Convolutional neural networks are the same technology behind facial recognition. In Spotify’s case, they’ve been modified for use on audio data instead of pixels. Here’s an example of a neural network architecture:
This particular neural network has four convolutional layers, seen as the thick bars on the left, and three dense layers, seen as the more narrow bars on the right. The input are time-frequency representations of audio frames, which are then concatenated to form the spectrogram.
The audio frames go through these convolutional layers, and after the last convolutional layer, you can see a “global temporal pooling” layer, which pools across the entire time axis, effectively computing statistics of the learned features across the time of the song.
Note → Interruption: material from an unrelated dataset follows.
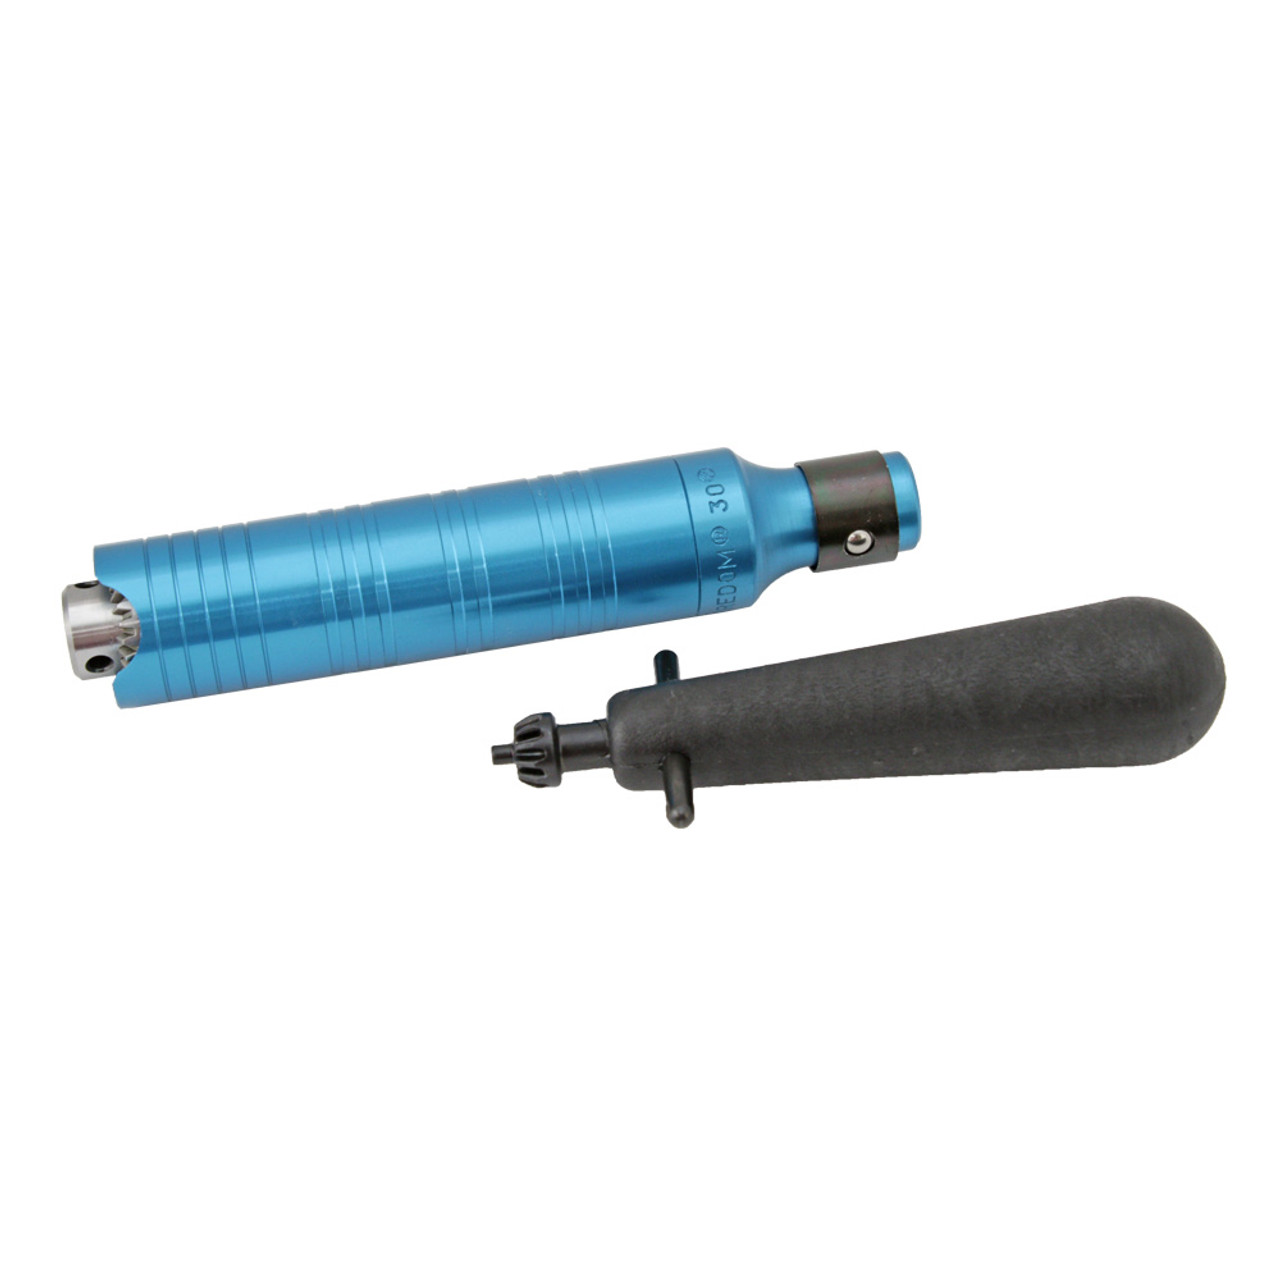 Flex Shaft Handpiece Drill - Foredom Drill Press

After processing, the neural network spits out an understanding of the song, including characteristics like estimated time signature, key, mode, tempo, and loudness. Below is a plot of this data for a 30-second excerpt of “Around the World” by Daft Punk.
Ultimately, this understanding of the song’s key characteristics allows Spotify to understand fundamental similarities between songs and therefore which users might enjoy them based on their own listening history.
That covers the basics of the three major types of recommendation models feeding the Recommendations pipeline, and ultimately powering the Discover Weekly playlist!
Of course, these recommendation models are all connected to Spotify’s much larger ecosystem, which includes giant amounts of data storage and uses lots of Hadoop clusters to scale recommendations and make these engines work on giant matrices, endless internet music articles, and huge numbers of audio files.
I hope this was informative and tickled your curiosity like it did mine. For now, I’ll be working my way through my own Discover Weekly, finding my new favorite music, knowing and appreciating all the machine learning that’s going on behind the scenes.